Average of Adjacency Matrix¶

# HIDE CELL
# calculate dissimilarity matrix
scaled_avgadjmat_dissim = calculate_dissim(graphs, method="avgadjmatrix", norm=None, normalize=True)

# cluster dissimilarity matrix
avgadjmat_linkage_matrix, avgadjmat_pred = cluster_dissim(scaled_avgadjmat_dissim, y, method="agg", n_components=4)

# calculate accuracy and ARI
avgadjmat_pred = remap_labels(y, avgadjmat_pred)
avgadjmat_agg_score = accuracy_score(y, avgadjmat_pred)
avgadjmat_agg_ari = adjusted_rand_score(y, avgadjmat_pred)

print(f"Accuracy: {avgadjmat_agg_score}")
print(f"ARI: {avgadjmat_agg_ari}")

# plot clustered dissimilarity matrix
plot_clustering(labels, 'agg', scaled_avgadjmat_dissim, avgadjmat_linkage_matrix)

Accuracy: 0.65625
ARI: 0.3134054954204829

<seaborn.matrix.ClusterGrid at 0x7fdda190c400>

Laplacian Spectral Distance¶

# HIDE CELL
# calculate dissimilarity matrix
scaled_lap_dissim = laplacian_dissim(graphs, transform='pass-to-ranks', metric='l2', normalize=True)

# cluster dissimilarity matrix
lap_linkage_matrix, lap_pred = cluster_dissim(scaled_lap_dissim, y, method="agg", n_components=4)

# calculate accuracy and ARI
lap_pred = remap_labels(y, lap_pred)
lap_agg_score = accuracy_score(y, lap_pred)
lap_agg_ari = adjusted_rand_score(y, lap_pred)
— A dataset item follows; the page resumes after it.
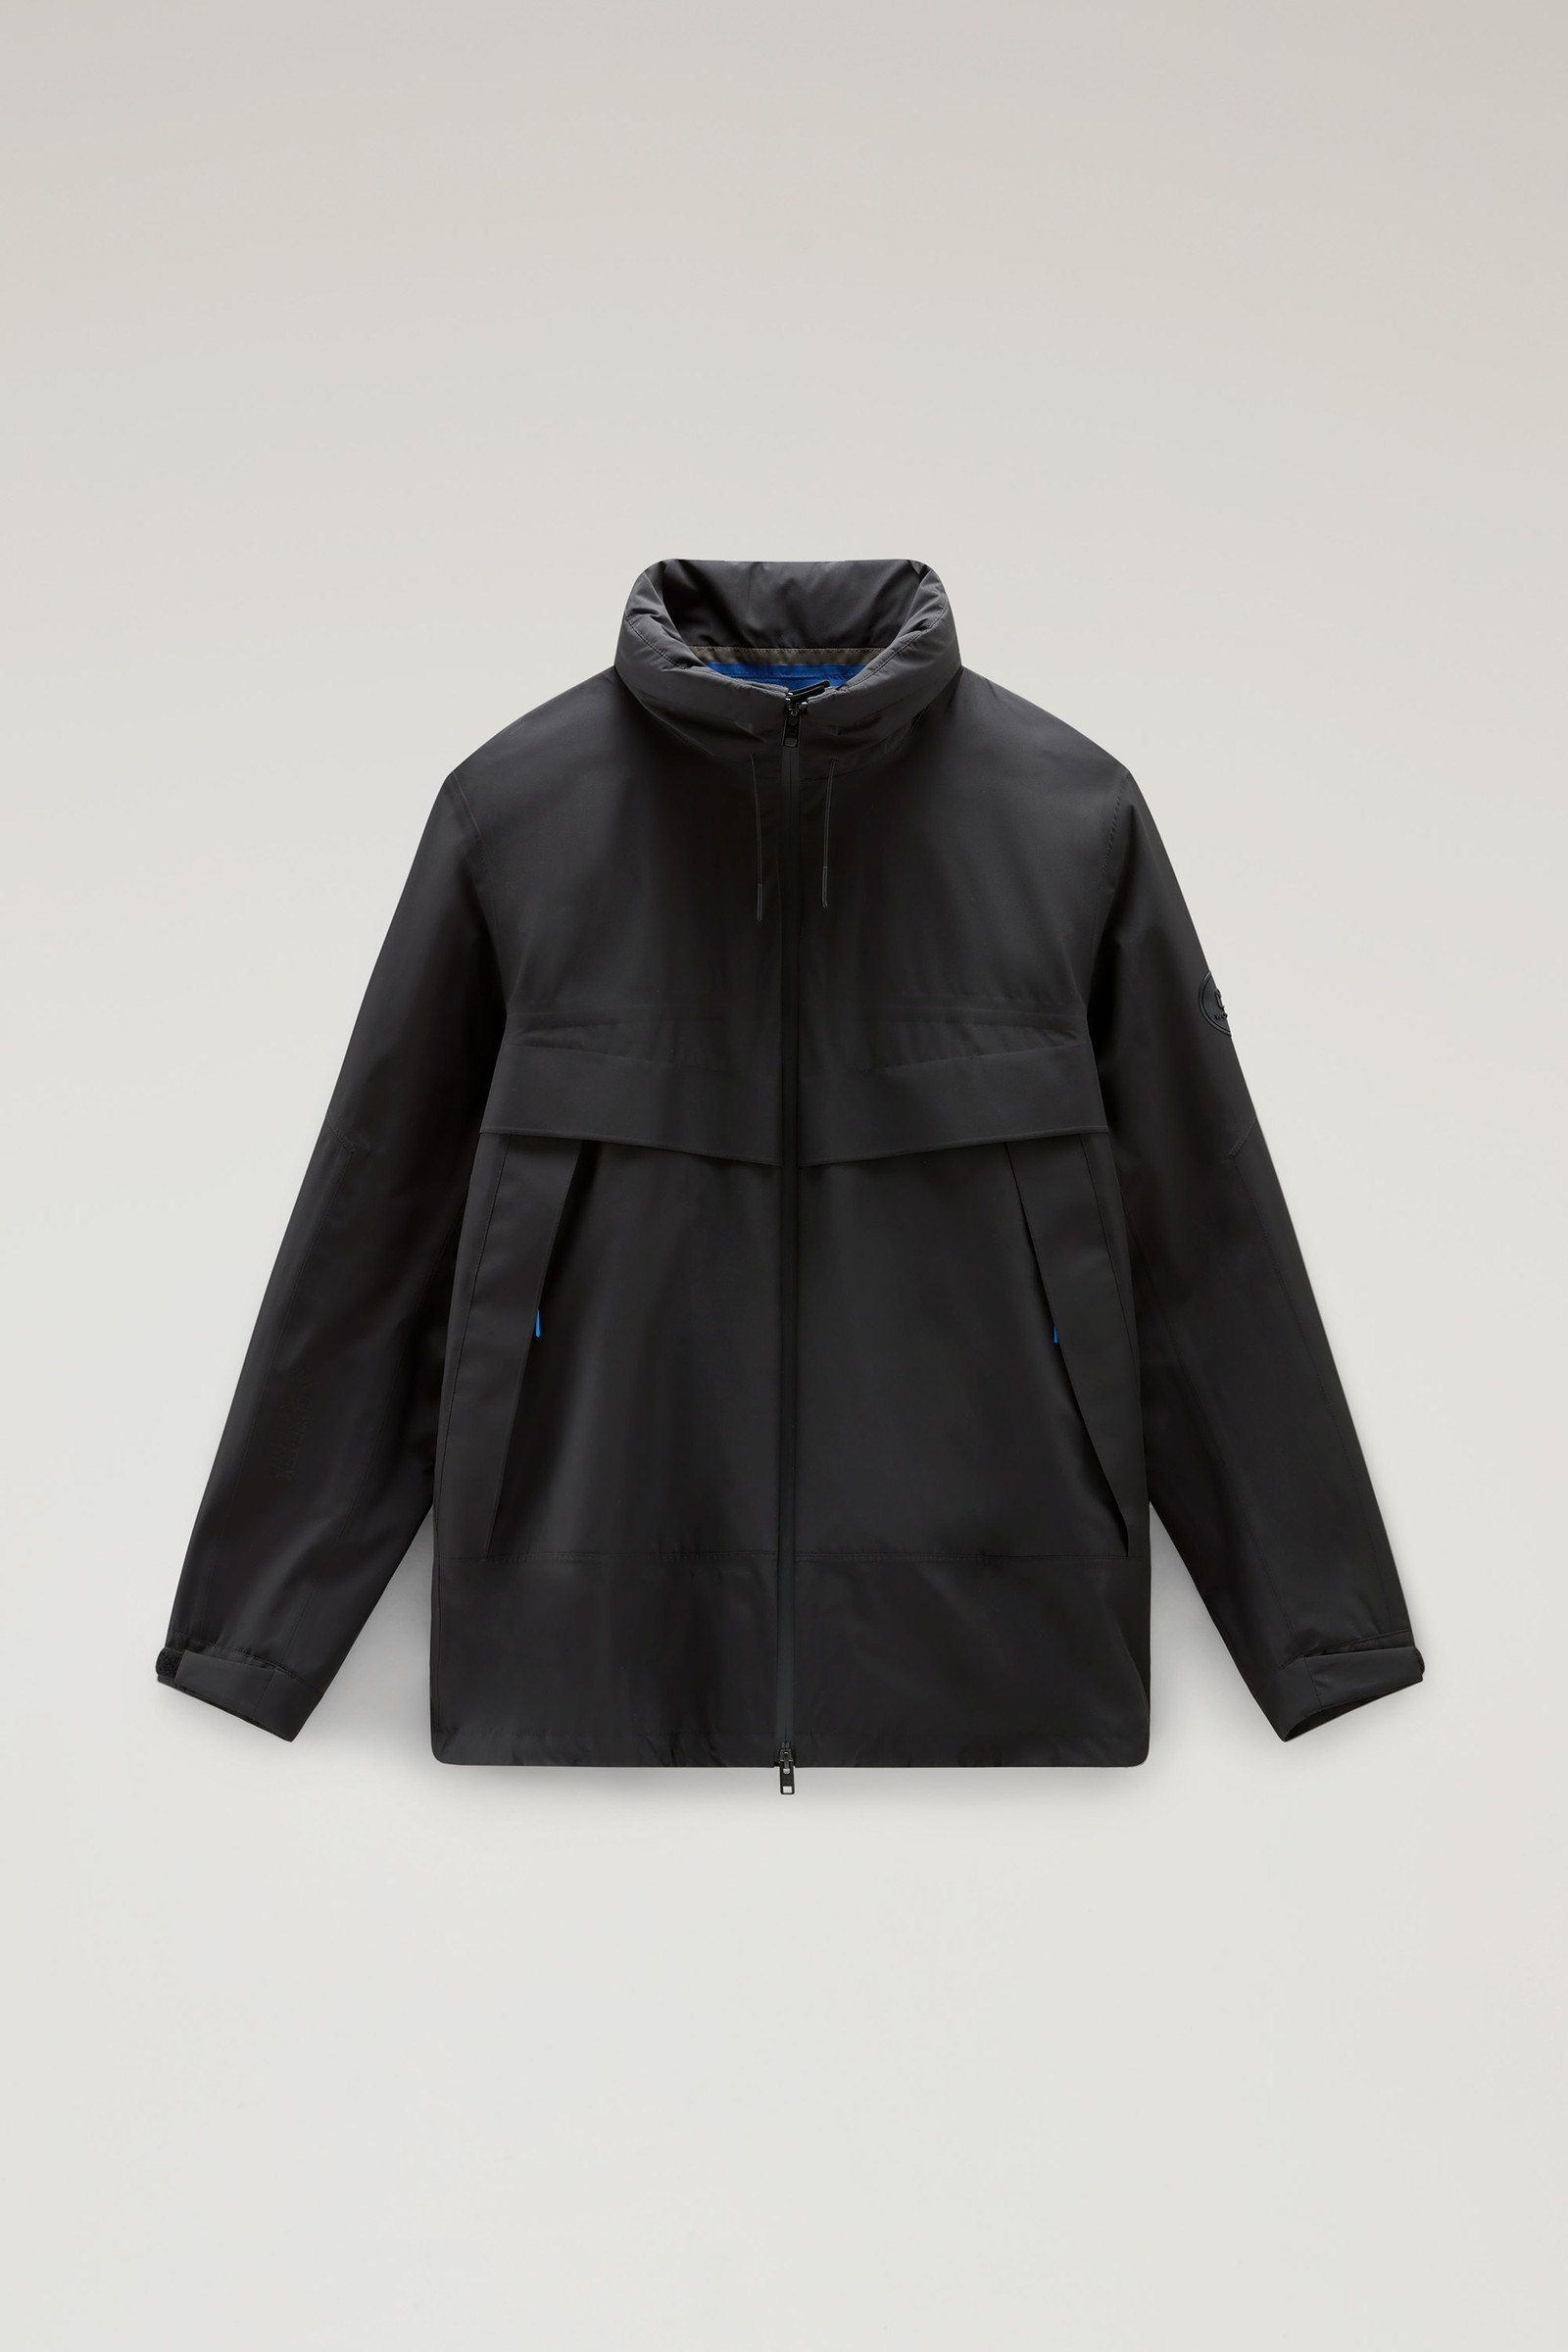 High Tech Waterproof Jacket in GORE-TEX INFINIUM with Resealable Hood - Men  - Black

print(f"Accuracy: {lap_agg_score}")
print(f"ARI: {lap_agg_ari}")

# plot clustered dissimilarity matrix
plot_clustering(labels, 'agg', scaled_lap_dissim, lap_linkage_matrix)

Accuracy: 0.59375
ARI: 0.27906976744186046

<seaborn.matrix.ClusterGrid at 0x7fdd795bbb80>

Node Degrees - L1 Norm¶

# HIDE CELL
# calculate dissimilarity matrix
scaled_nodedeg_dissim_l1 = calculate_dissim(graphs, method="degree", norm="l1", normalize=True)

# cluster dissimilarity matrix
nodedeg_l1_linkage_matrix, nodedeg_l1_pred = cluster_dissim(scaled_nodedeg_dissim_l1, y, method="agg", n_components=4)
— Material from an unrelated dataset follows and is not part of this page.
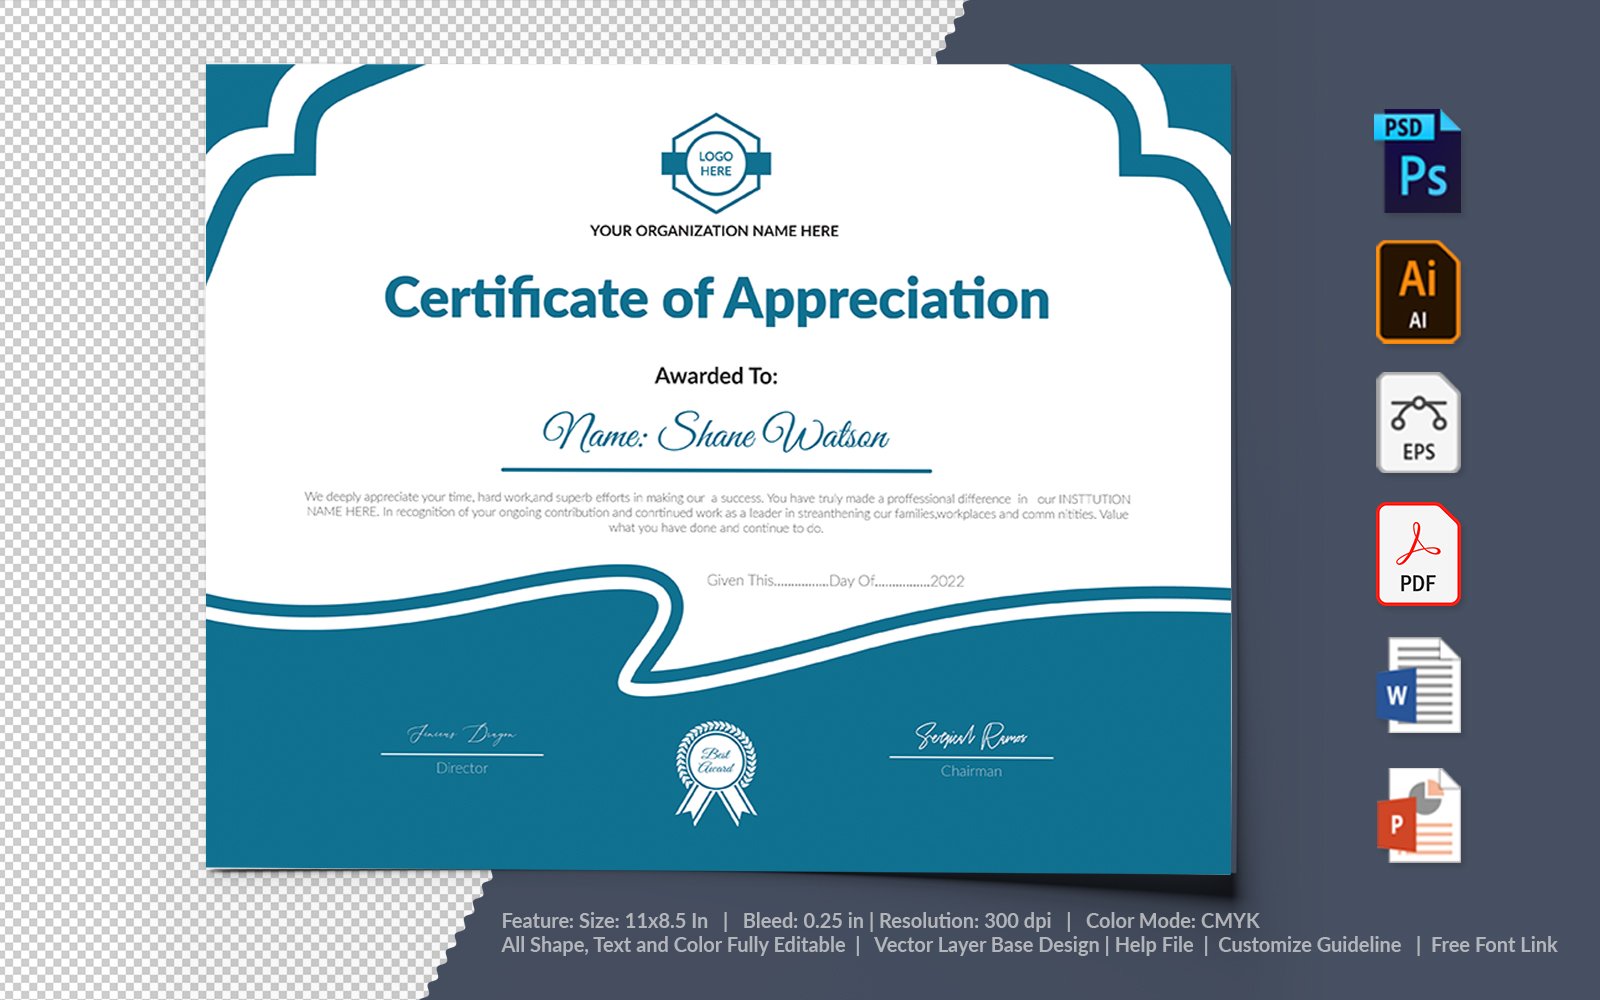 Kit Graphique #104732 Certificate Appreciation Divers Modles Web - Logo template Preview

# calculate accuracy and ARI
nodedeg_l1_pred = remap_labels(y, nodedeg_l1_pred)
nodedeg_l1_agg_score = accuracy_score(y, nodedeg_l1_pred)
nodedeg_l1_agg_ari = adjusted_rand_score(y, nodedeg_l1_pred)

print(f"Accuracy: {nodedeg_l1_agg_score}")
print(f"ARI: {nodedeg_l1_agg_ari}")

# plot clustered dissimilarity matrix
plot_clustering(labels, 'agg', scaled_nodedeg_dissim_l1, nodedeg_l1_linkage_matrix)

Accuracy: 0.46875
ARI: 0.17706740792216819

<seaborn.matrix.ClusterGrid at 0x7fdd79524d90>

Node Degrees - L2 Norm¶

# HIDE CELL
# calculate dissimilarity matrix
scaled_nodedeg_dissim_l2 = calculate_dissim(graphs, method="degree", norm="l2", normalize=True)

# cluster dissimilarity matrix
nodedeg_l2_linkage_matrix, nodedeg_l2_pred = cluster_dissim(scaled_nodedeg_dissim_l2, y, method="agg", n_components=4)

# calculate accuracy and ARI
nodedeg_l2_pred = remap_labels(y, nodedeg_l2_pred)
nodedeg_l2_agg_score = accuracy_score(y, nodedeg_l2_pred)
nodedeg_l2_agg_ari = adjusted_rand_score(y, nodedeg_l2_pred)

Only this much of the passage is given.